> _Dataset excerpt_
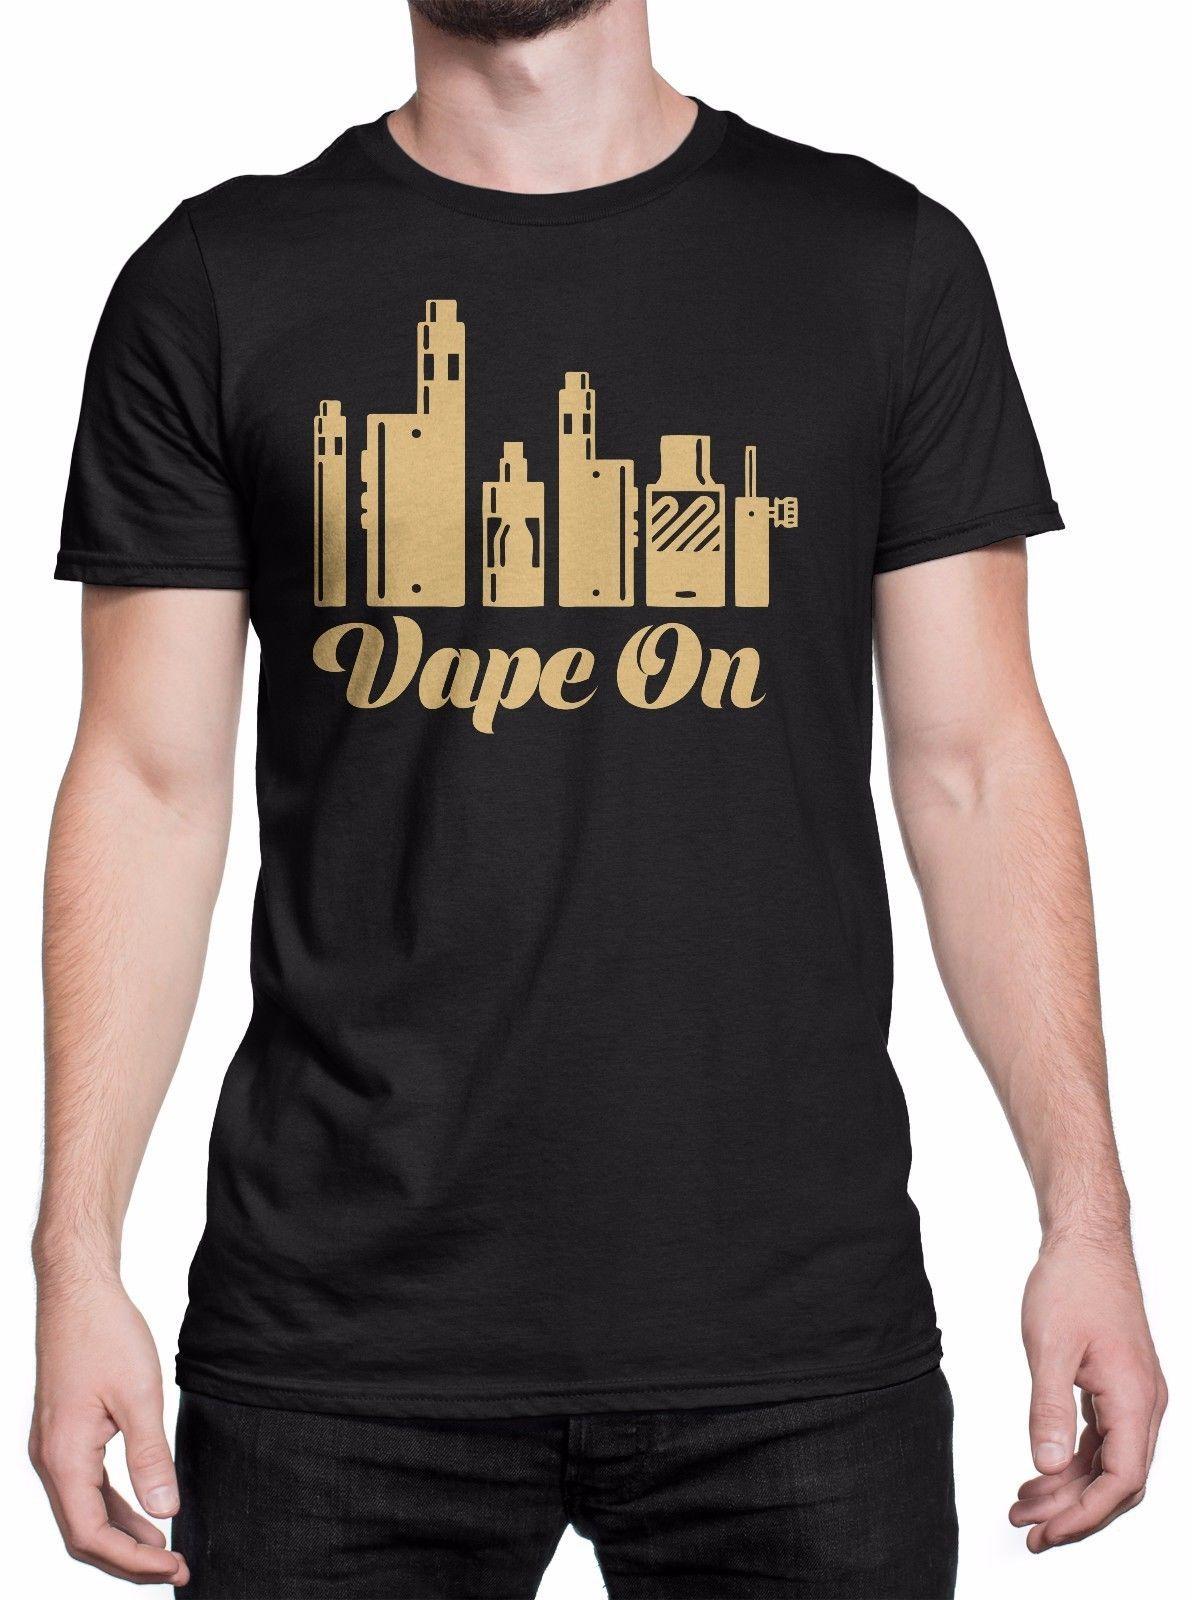 T Shirt Uomo Vape On Gold Print Maglietta 100 Cotone Nero Shopping
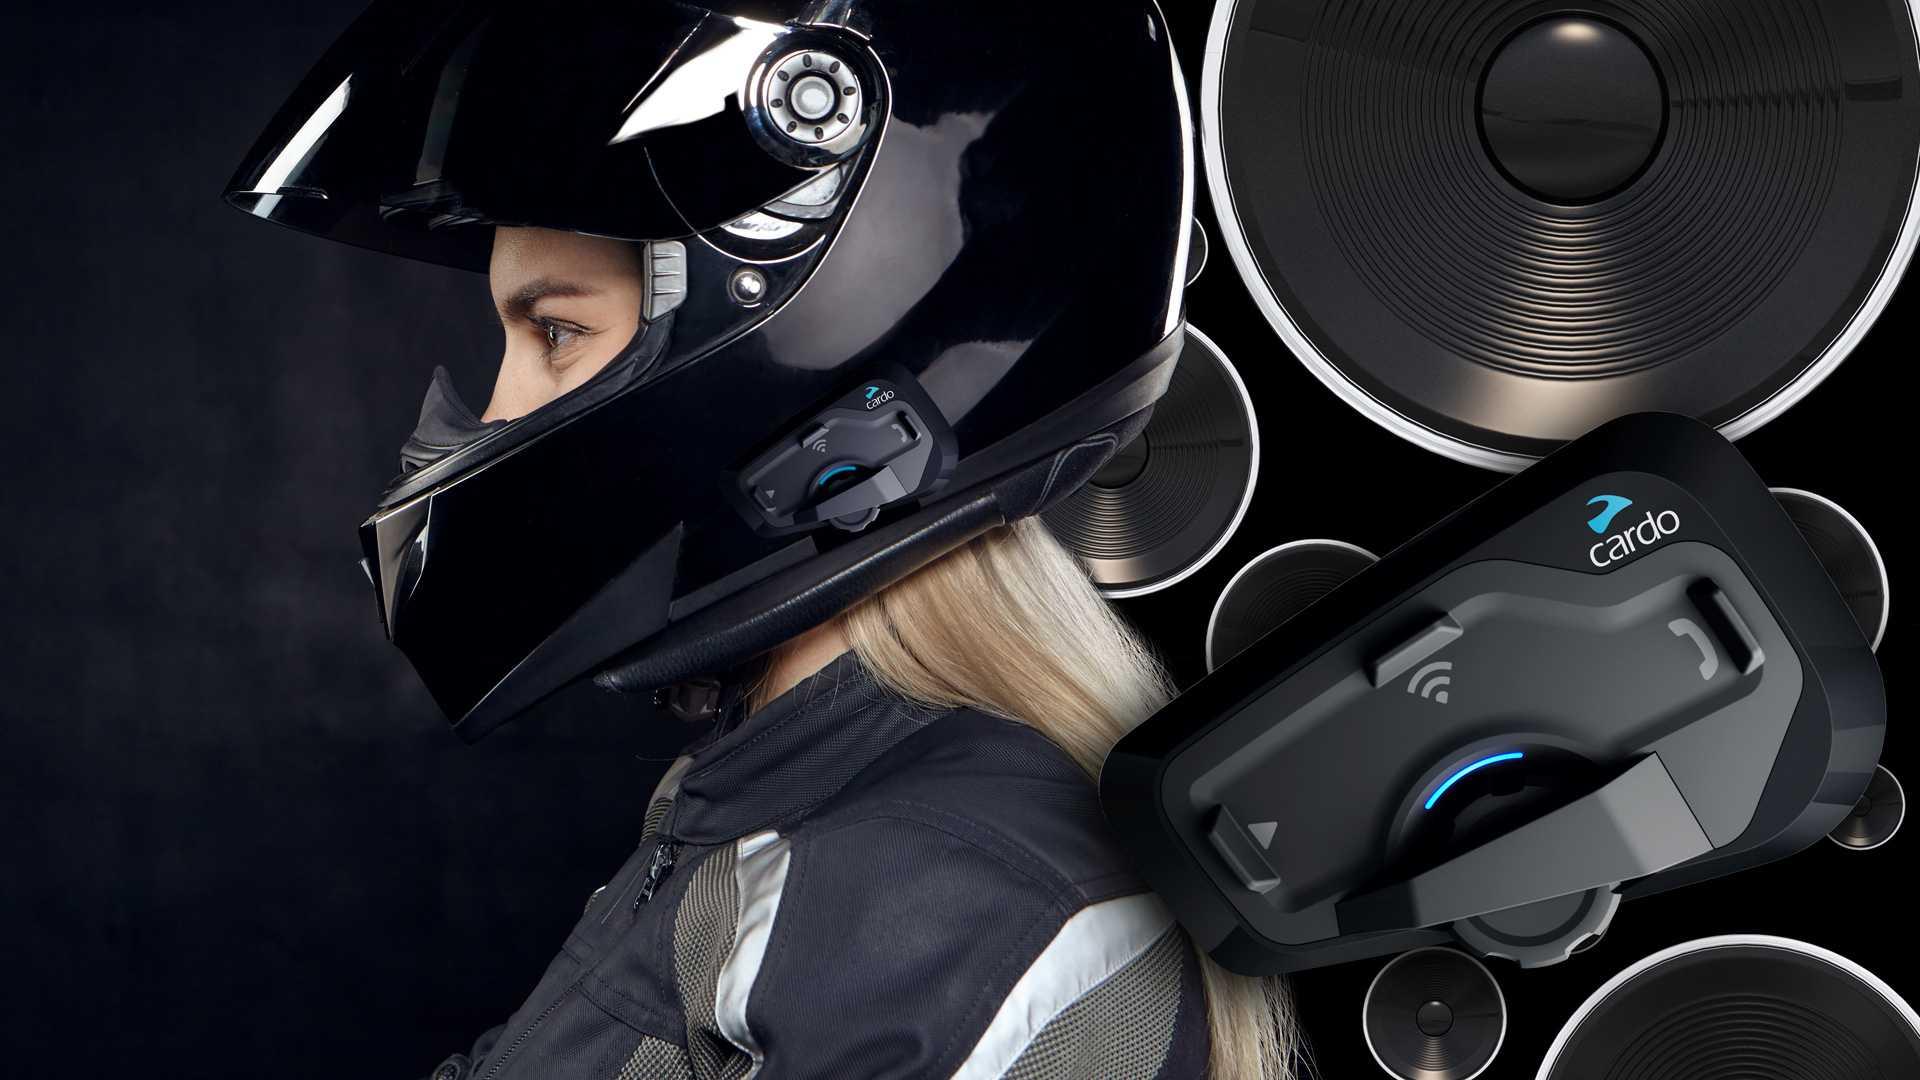 Helmet-To-Helmet Motorcycle Communicators: Worth It?
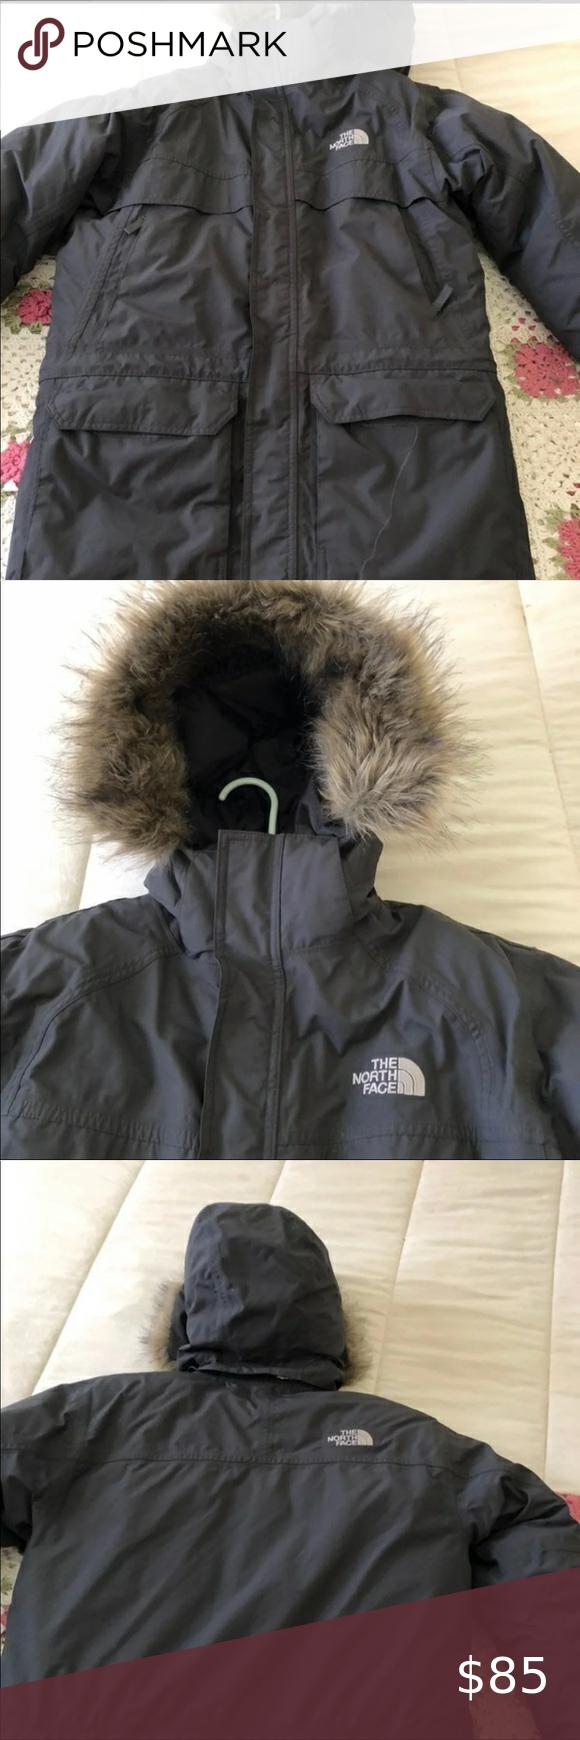 North Face Winter Coat North Face Winter Coat Winter Coat Winter Coat Warmest [ 1740 x 580 Pixel ]

> _Your task_
All the lines above are to be reproduced exactly, except the pictures.

> _Exercise answer_
 T Shirt Uomo Vape On Gold Print Maglietta 100 Cotone Nero Shopping
 Helmet-To-Helmet Motorcycle Communicators: Worth It?
 North Face Winter Coat North Face Winter Coat Winter Coat Winter Coat Warmest [ 1740 x 580 Pixel ]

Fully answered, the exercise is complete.